▶ _WHAT IS EXPECTED_:
Copy out the listing that follows exactly, dropping every picture.

INPUT DATA Start Marker

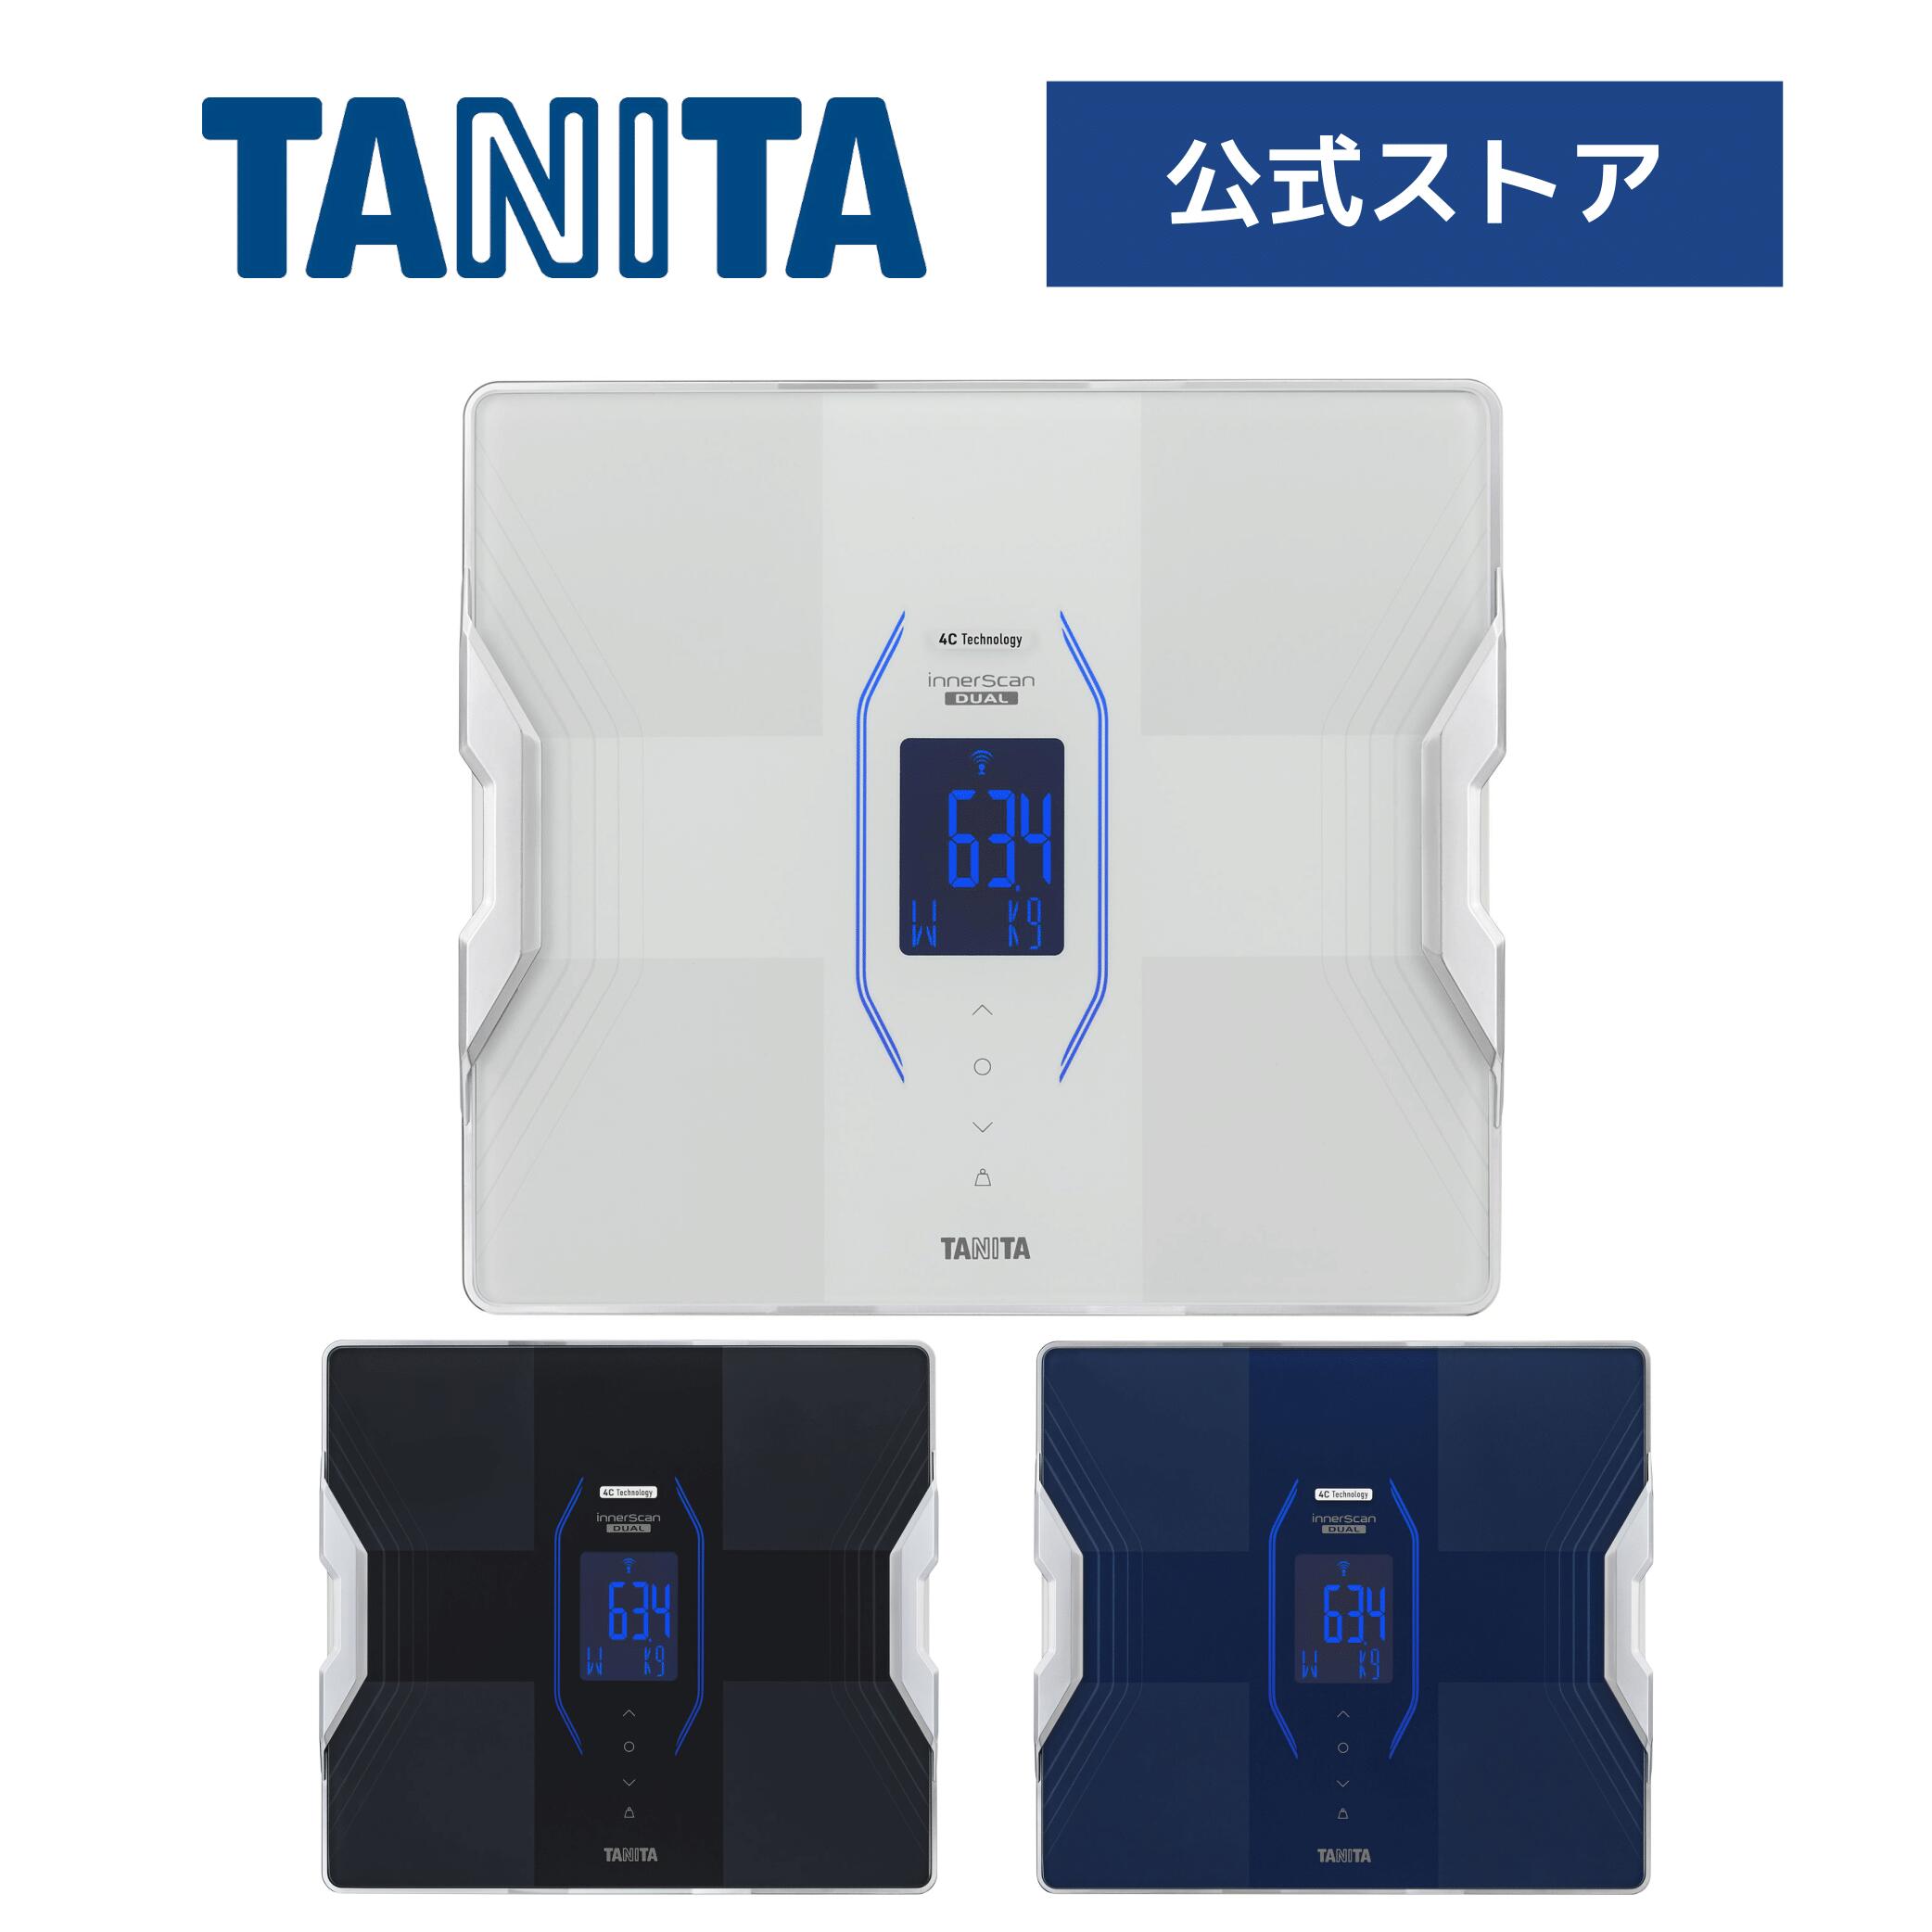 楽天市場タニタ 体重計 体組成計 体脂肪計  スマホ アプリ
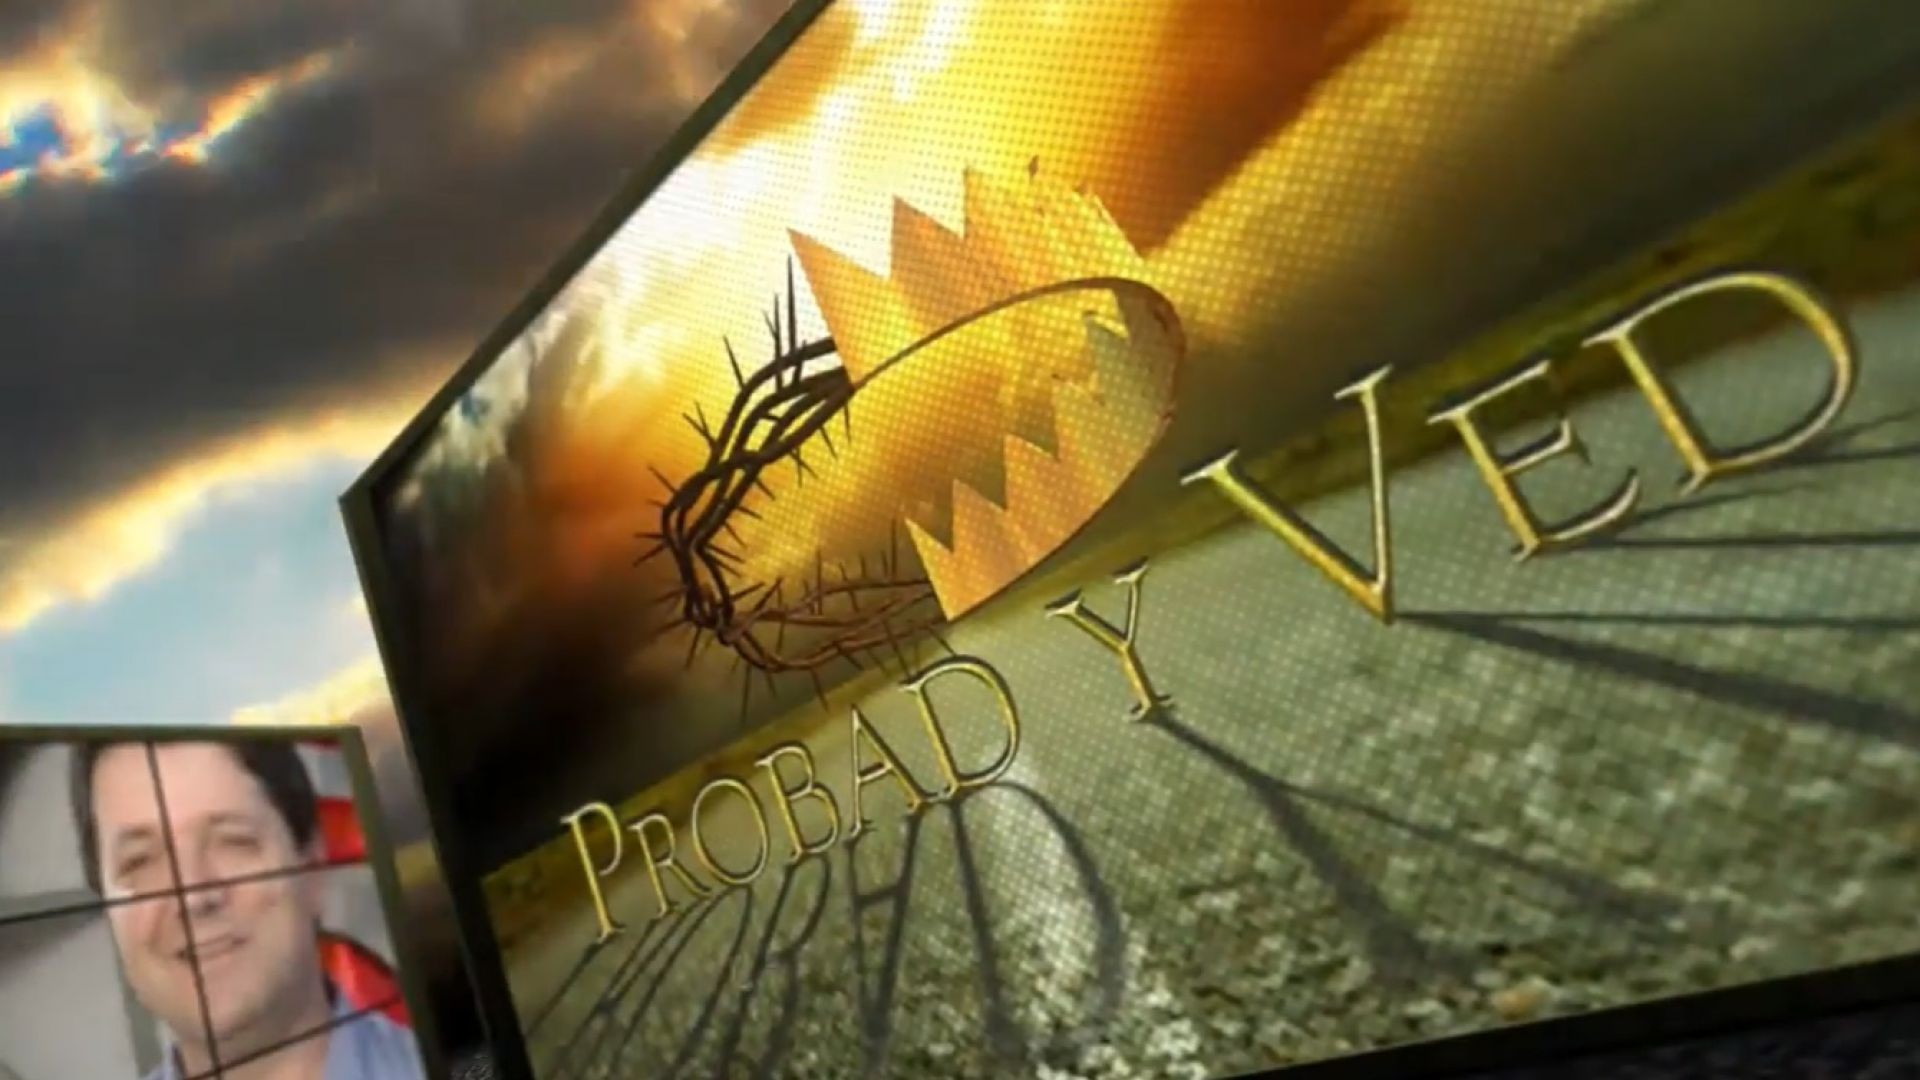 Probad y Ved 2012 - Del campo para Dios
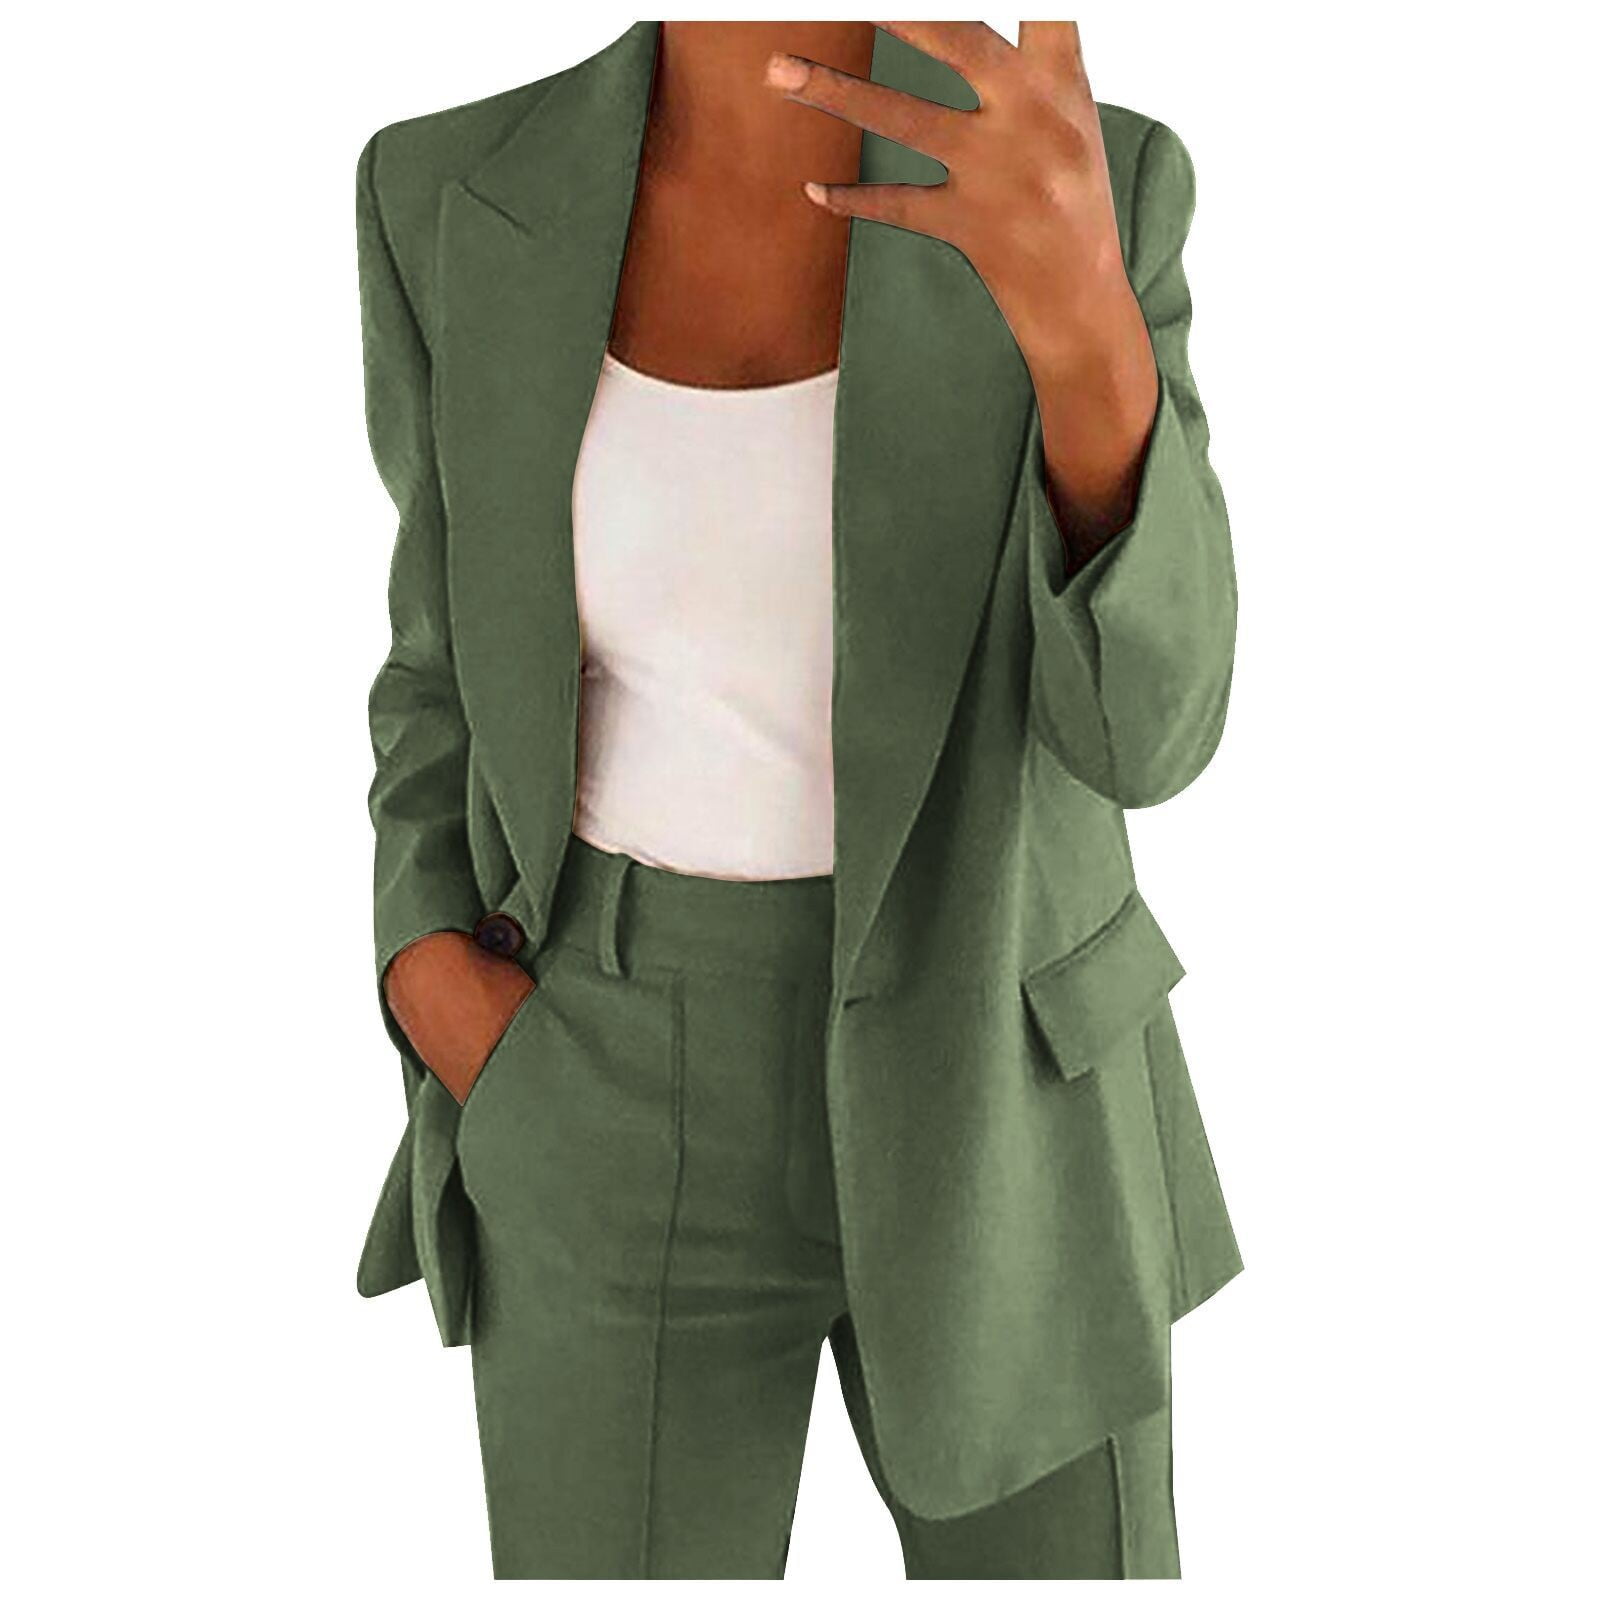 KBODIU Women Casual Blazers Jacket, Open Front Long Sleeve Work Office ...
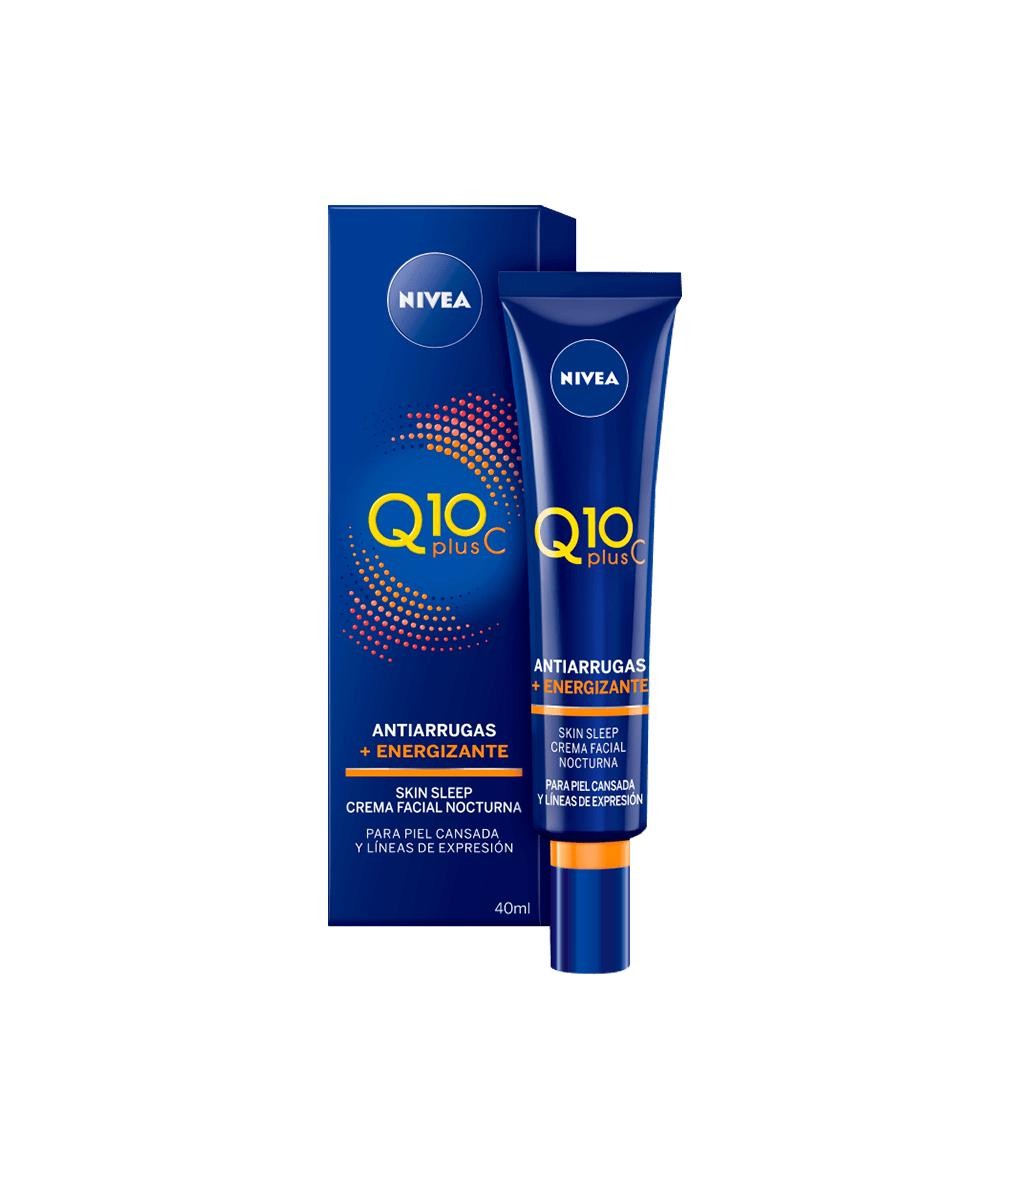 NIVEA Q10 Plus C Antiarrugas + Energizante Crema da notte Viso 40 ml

INPUT DATA End Marker

▶ _SOLUTION TO THE PROBLEM_:
 楽天市場タニタ 体重計 体組成計 体脂肪計  スマホ アプリ
 Probad y Ved 2012 - Del campo para Dios
 KBODIU Women Casual Blazers Jacket, Open Front Long Sleeve Work Office ...
 NIVEA Q10 Plus C Antiarrugas + Energizante Crema da notte Viso 40 ml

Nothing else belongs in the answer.